Example classifications/nzlum/classes/class_136.sql, for class 1.3.6
, Defence land:
CREATE TEMPORARY VIEW class_136 AS (
SELECT h3_index,
1 AS lu_code_primary,
3 AS lu_code_secondary,
6 AS lu_code_tertiary,
CASE
WHEN (
linz_crosl_nzdf.h3_index IS NOT NULL
AND linz_dvr_.actual_property_use = '45' -- Defence
)
THEN ROW(
ARRAY[]::TEXT[], -- lu_code_ancillary
1, -- confidence
ARRAY[]::TEXT[], -- commod
ARRAY[]::TEXT[], -- manage
ARRAY[
linz_crosl_nzdf.source_data,
linz_dvr_.source_data
]::TEXT[],
range_merge(
linz_crosl_nzdf.source_date,
linz_dvr_.source_date
)::daterange,
range_merge(
linz_crosl_nzdf.source_scale,
linz_dvr_.source_scale
)::int4range
)::nzlum_type
WHEN linz_dvr_.actual_property_use = '45' -- Defence
THEN ROW(
ARRAY[]::TEXT[], -- lu_code_ancillary
1, -- confidence
ARRAY[]::TEXT[], -- commod
ARRAY[]::TEXT[], -- manage
ARRAY[linz_dvr_.source_data]::TEXT[],
linz_dvr_.source_date,
linz_dvr_.source_scale
)::nzlum_type
WHEN linz_crosl_nzdf.h3_index IS NOT NULL
THEN ROW(
ARRAY[]::TEXT[], -- lu_code_ancillary
CASE
WHEN linz_dvr_.actual_property_use IN ('04', '40') -- Mixed use, including community services (which itself includes defence)
THEN 1
WHEN linz_dvr_.actual_property_use ~ '^5' -- Recreational
THEN 2
ELSE 12
END,
ARRAY[]::TEXT[], -- commod
ARRAY[]::TEXT[], -- manage
ARRAY_REMOVE(ARRAY[linz_crosl_nzdf.source_data, linz_dvr_.source_data], NULL)::TEXT[],
range_merge(datemultirange(
VARIADIC ARRAY_REMOVE(ARRAY[
linz_crosl_nzdf.source_date,
linz_dvr_.source_date
], NULL)
))::daterange, -- source_date
range_merge(int4multirange(
VARIADIC ARRAY_REMOVE(ARRAY[
linz_crosl_nzdf.source_scale,
linz_dvr_.source_scale
], NULL)
))::int4range -- source_scale
)::nzlum_type
ELSE NULL
END AS nzlum_type
FROM (
SELECT *
FROM linz_crosl_
WHERE managed_by = 'New Zealand Defence Force'
) AS linz_crosl_nzdf
FULL OUTER JOIN linz_dvr_ USING (h3_index)

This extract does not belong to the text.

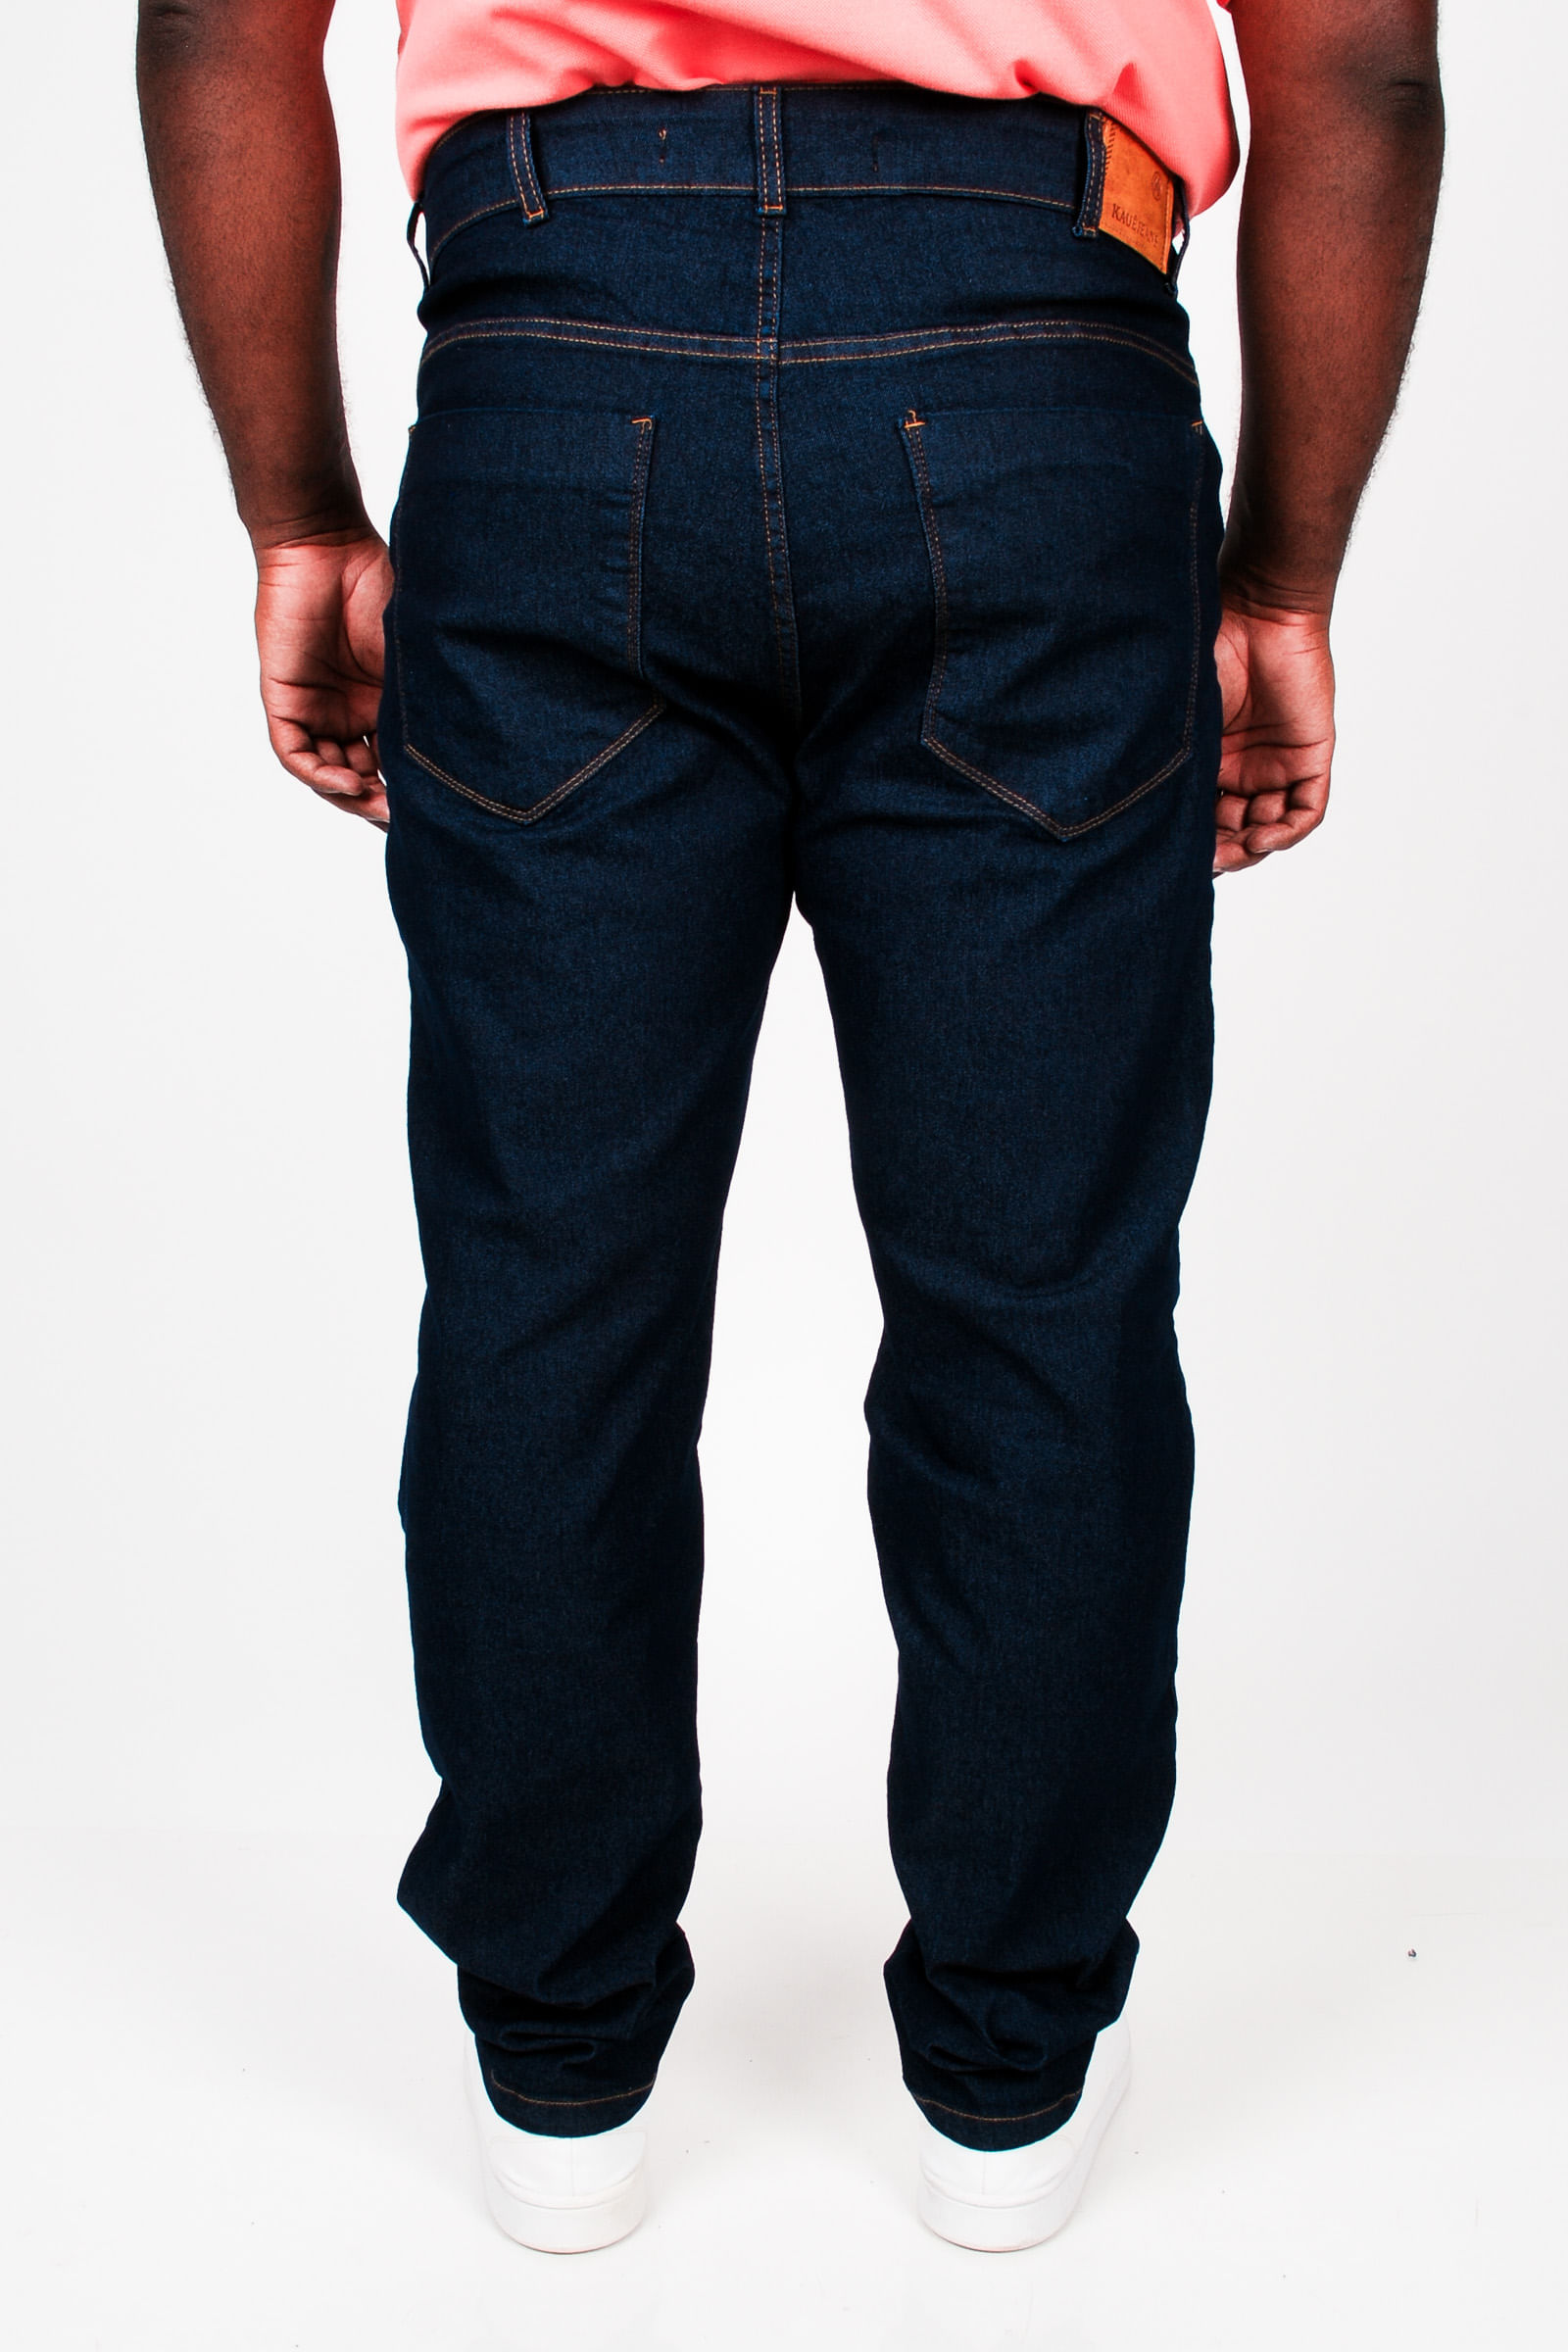 Calca-skinny-blue-jeans-plus-size_0102_4
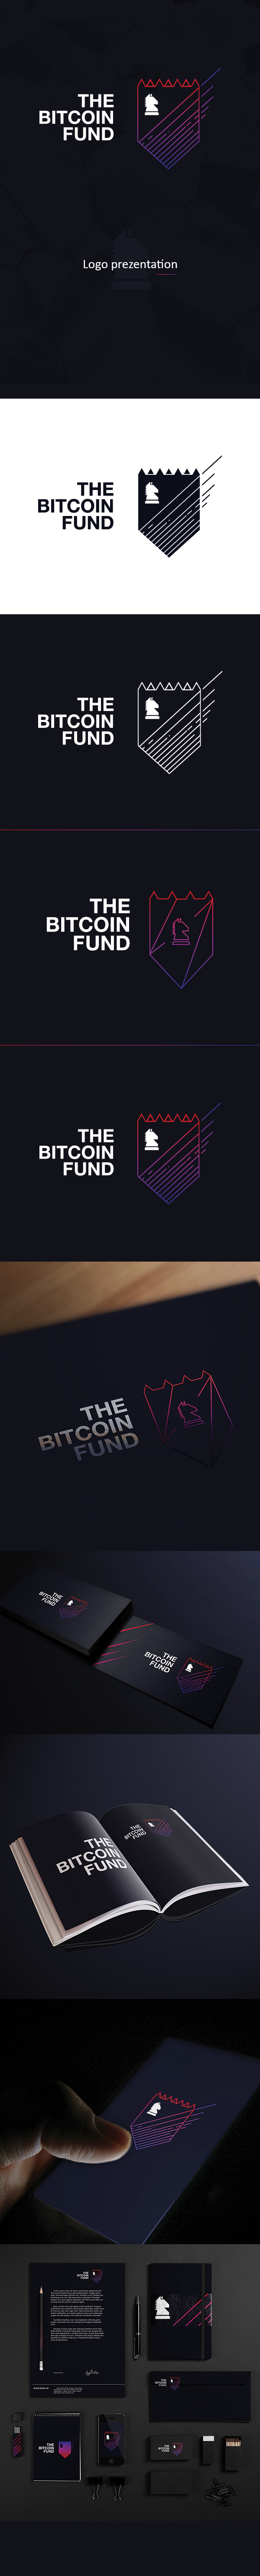 Bitcoins bitcoin fund horse shield Fund Stationary design fresh colours fresh logo

INNER JOIN ( -- Exclude built-up areas from this class
SELECT *
FROM lcdb_
WHERE Class_2018 NOT IN (
1, -- 'Built-up Area (settlement)',
2, -- 'Urban Parkland/Open Space'
5 --'Transport Infrastructure',
)
) AS lcdb_built_up USING (h3_index)
);
This defines a temporary view (limited to one H3 partition) that uses the Central Record of State Land (CRoSL) for the identification of NZDF managed land, but confirmed against actual use as recorded in the District Valuation Roll (DVR) where possible, in order to exclude from the CRoSL set NZDF-managed land that is residential, and offer a lower-confidence classification where the DVR indicates that the land is "passive recreational".
Independently of CRoSL, the DVR also has an identification of land as being for defence purposes (actual_property_use = 45
). But since there is also an INNER JOIN
with a subset of LCDB, any land that is also part of a built-up area, urban parkland or transport infrastructure, is not included for consideration. For instance, this excludes Ōhakea Airbase for consideration as class 1.3.6, as it is not a natural area—whereas the Waiouru New Zealand Army training camp is still included.